Where the listing shows an image, skip it and output all other material unchanged.

- **COLLECTED MATERIAL**:
'''

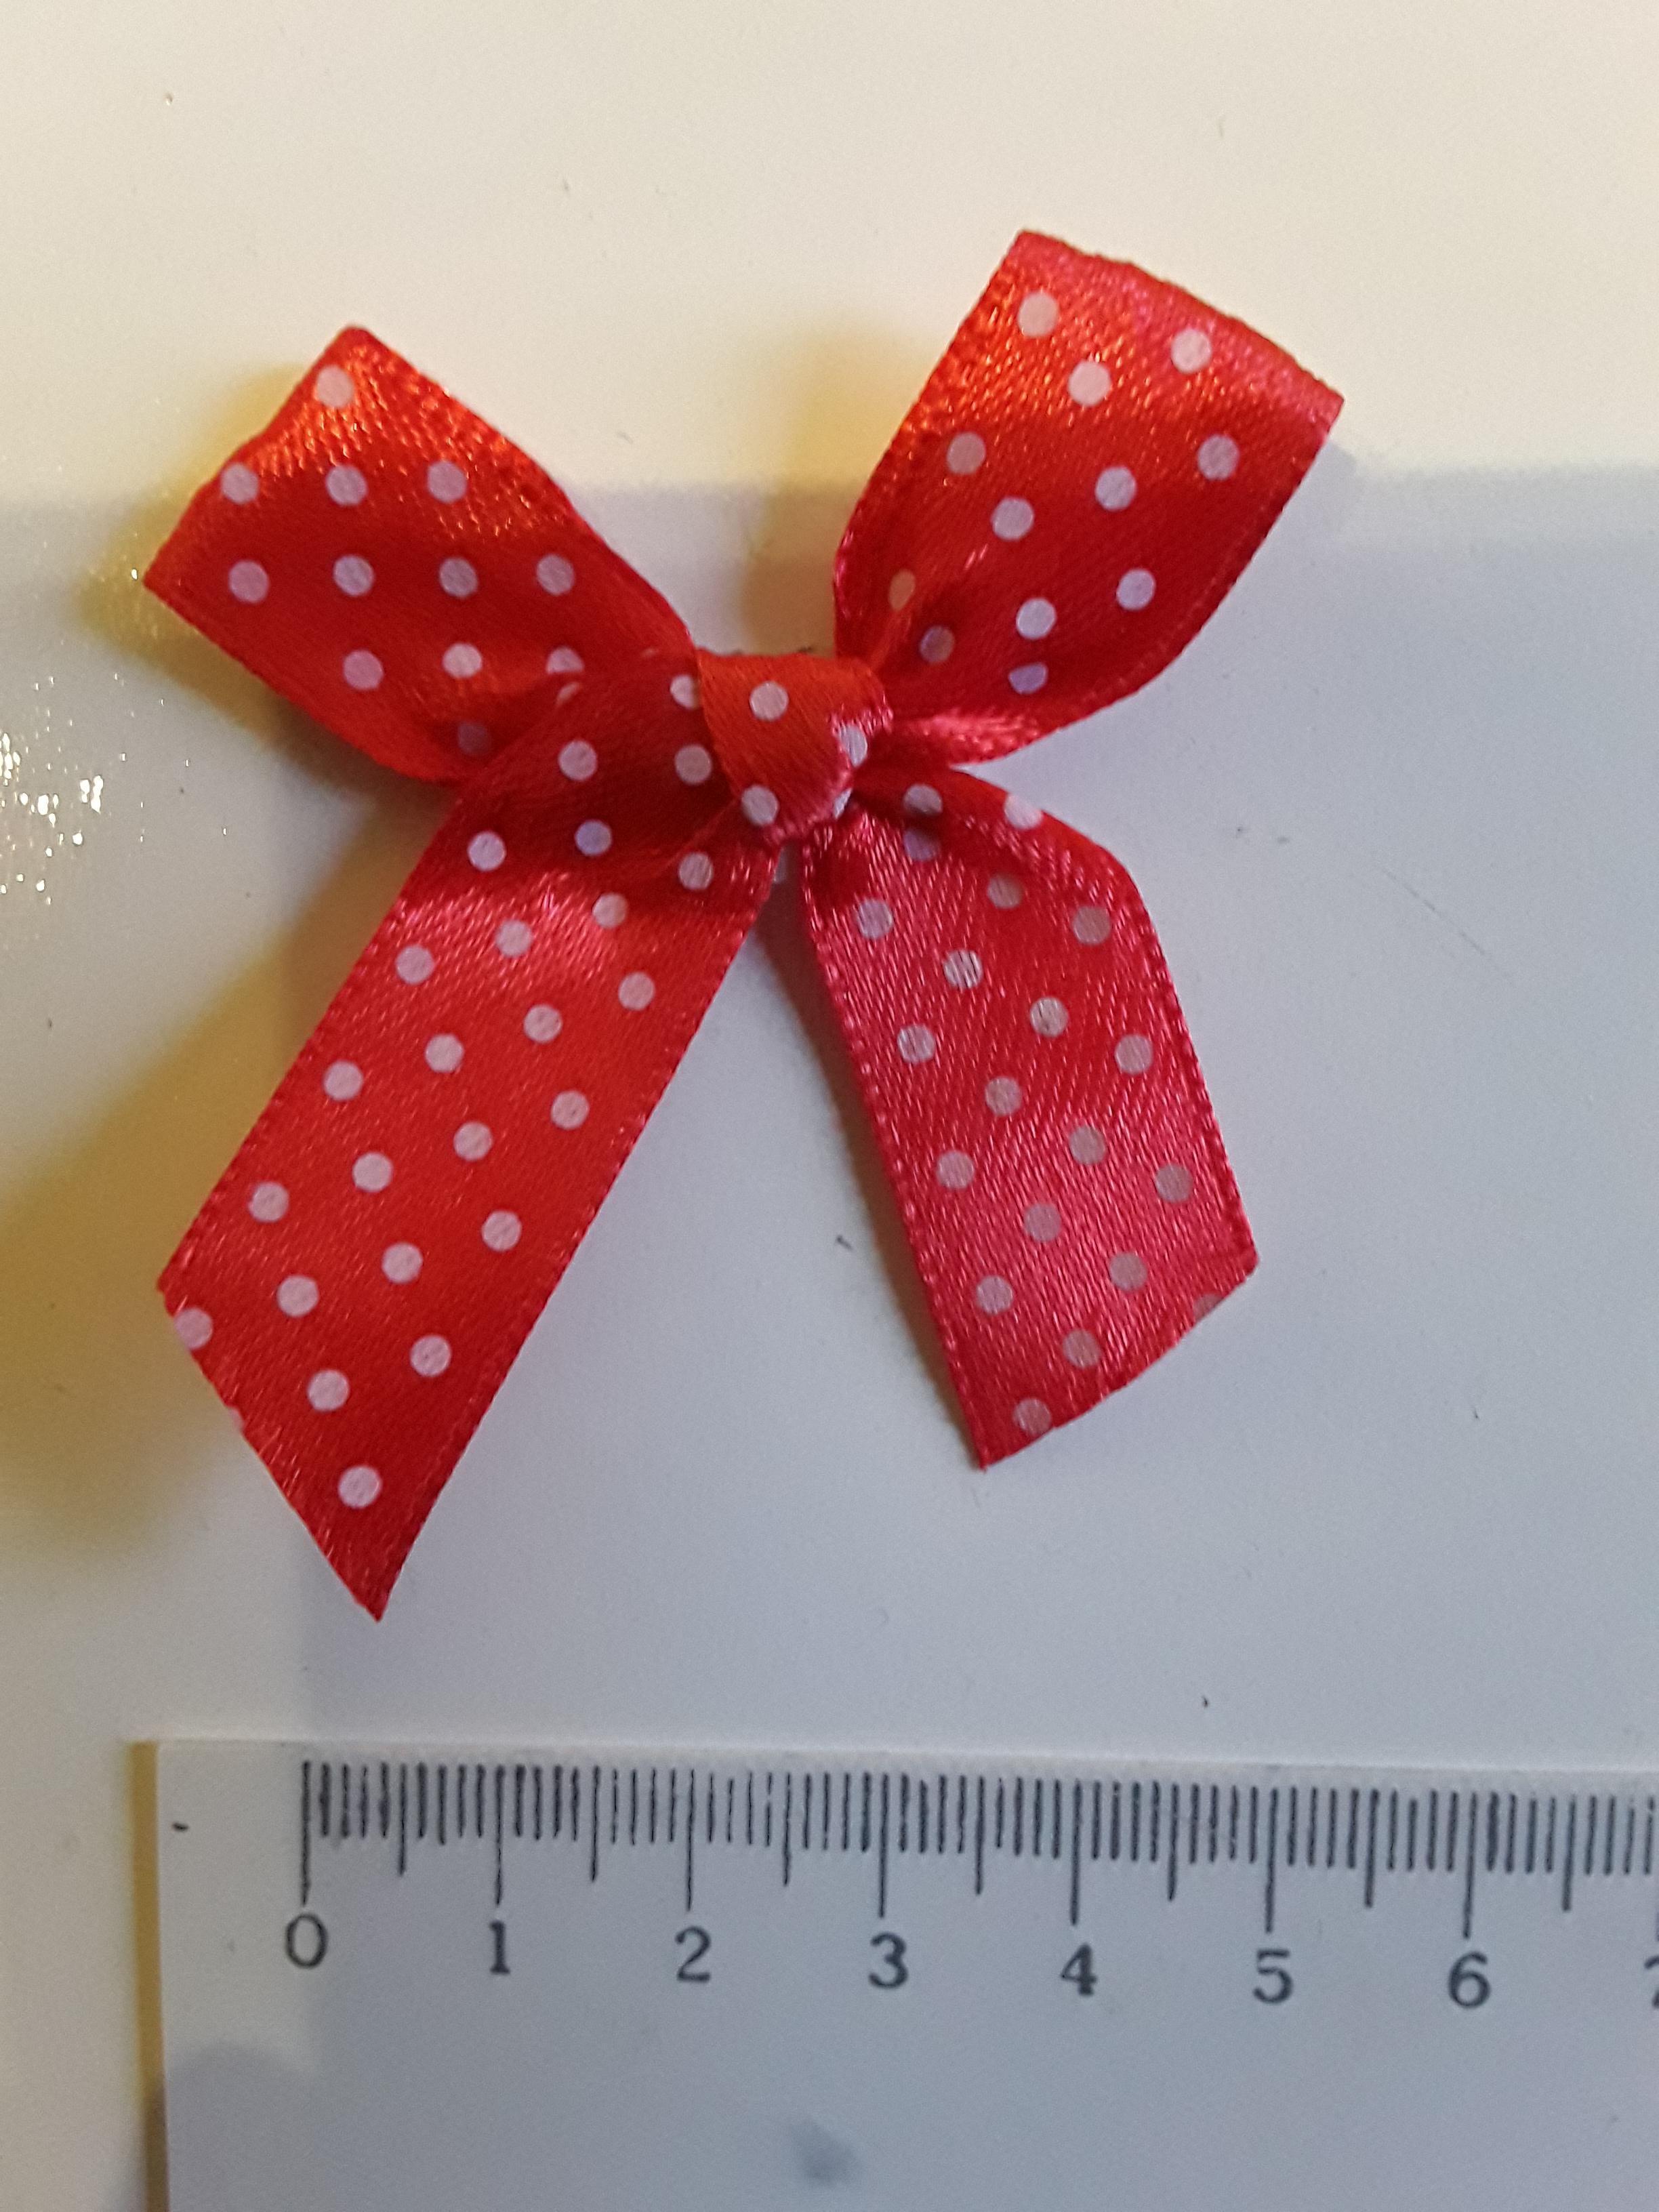 troc de troc petit noeud rouge en tissu image 0
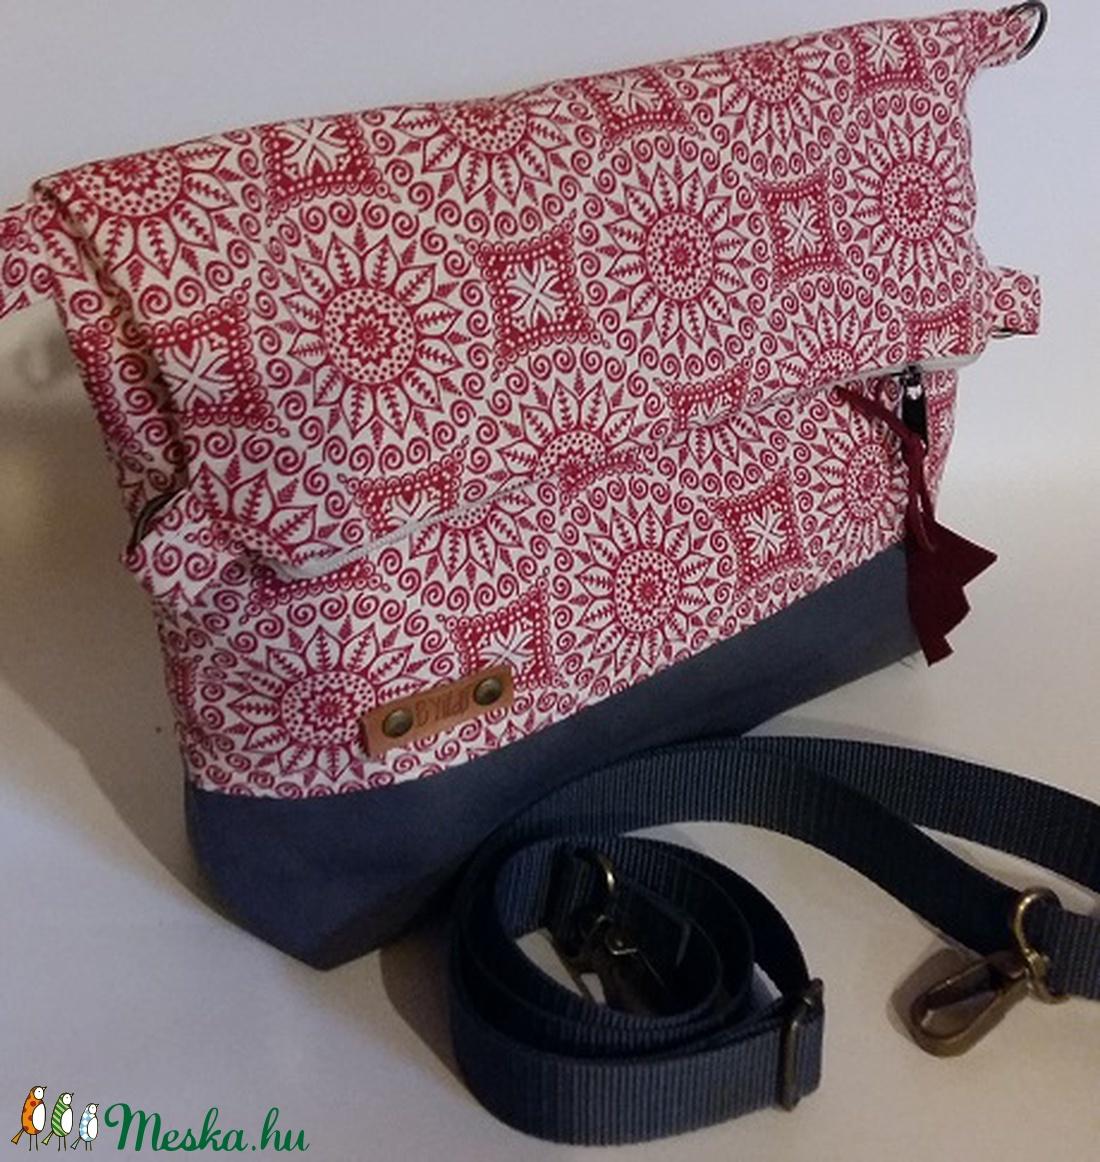 Táska Válltáska ipad táska piros mandala táska női mindennapos táska (BYildi)  - Meska.hu aab3951db3
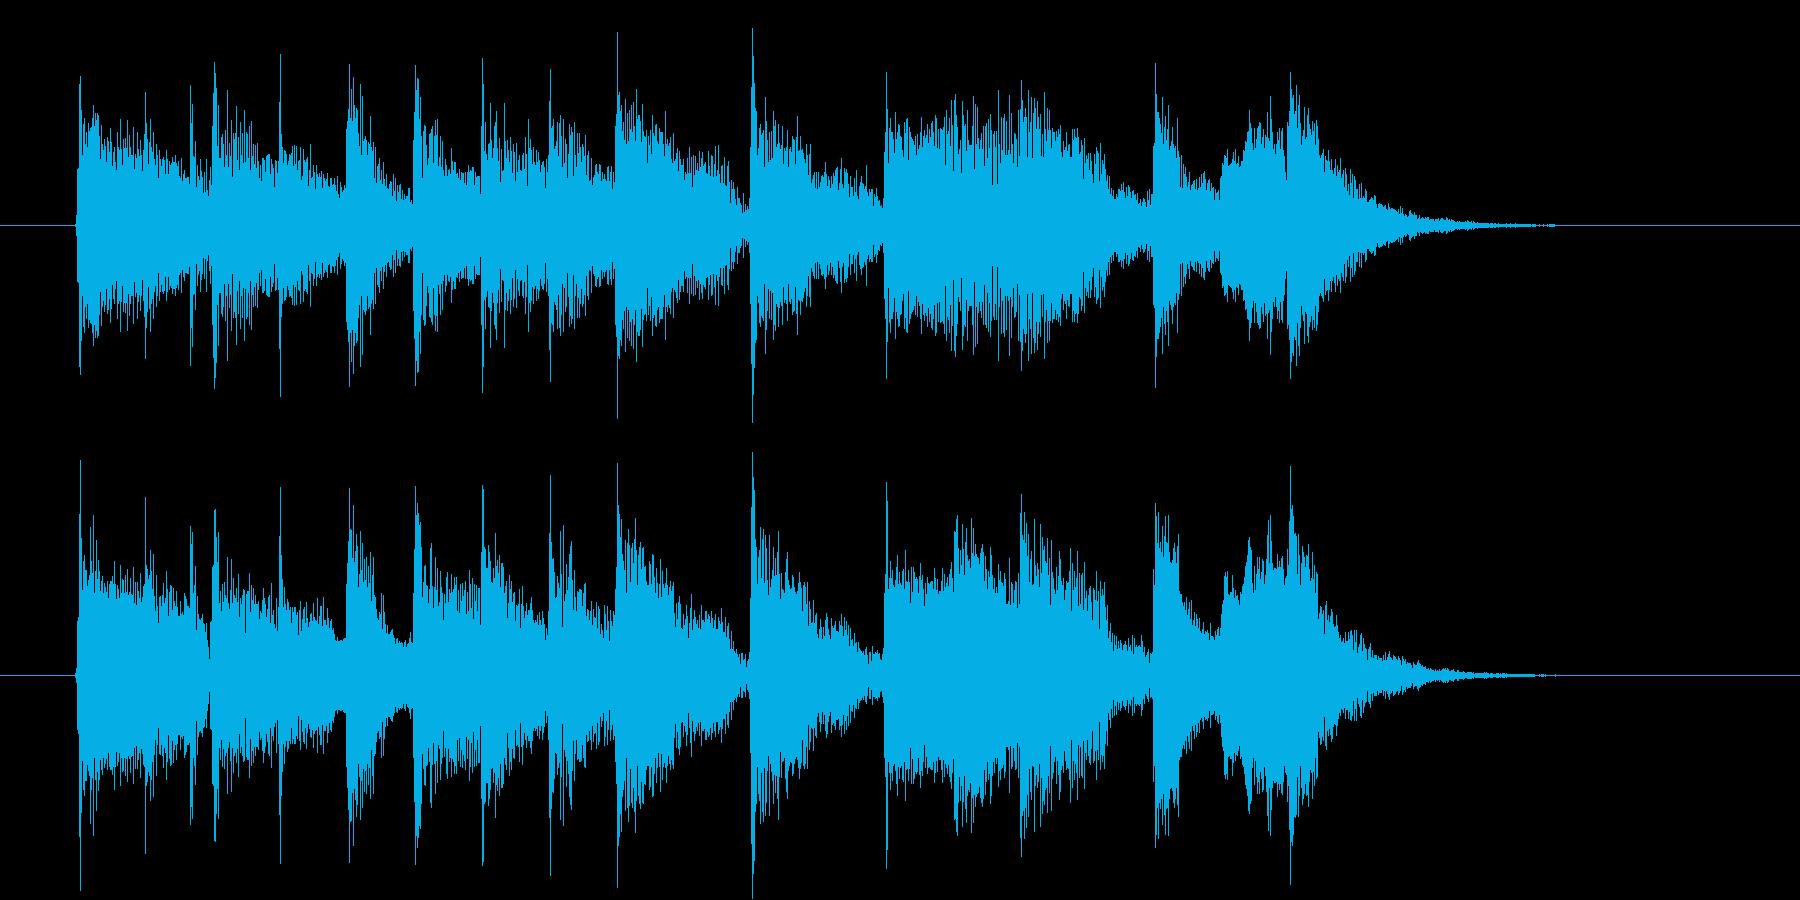 のどかな音色のジングル、サウンドロゴの再生済みの波形

'''

- **ANSWER FOR THIS EXERCISE**:
 troc de troc petit noeud rouge en tissu image 0
 Táska Válltáska ipad táska piros mandala táska női mindennapos táska (BYildi)  - Meska.hu aab3951db3
 のどかな音色のジングル、サウンドロゴの再生済みの波形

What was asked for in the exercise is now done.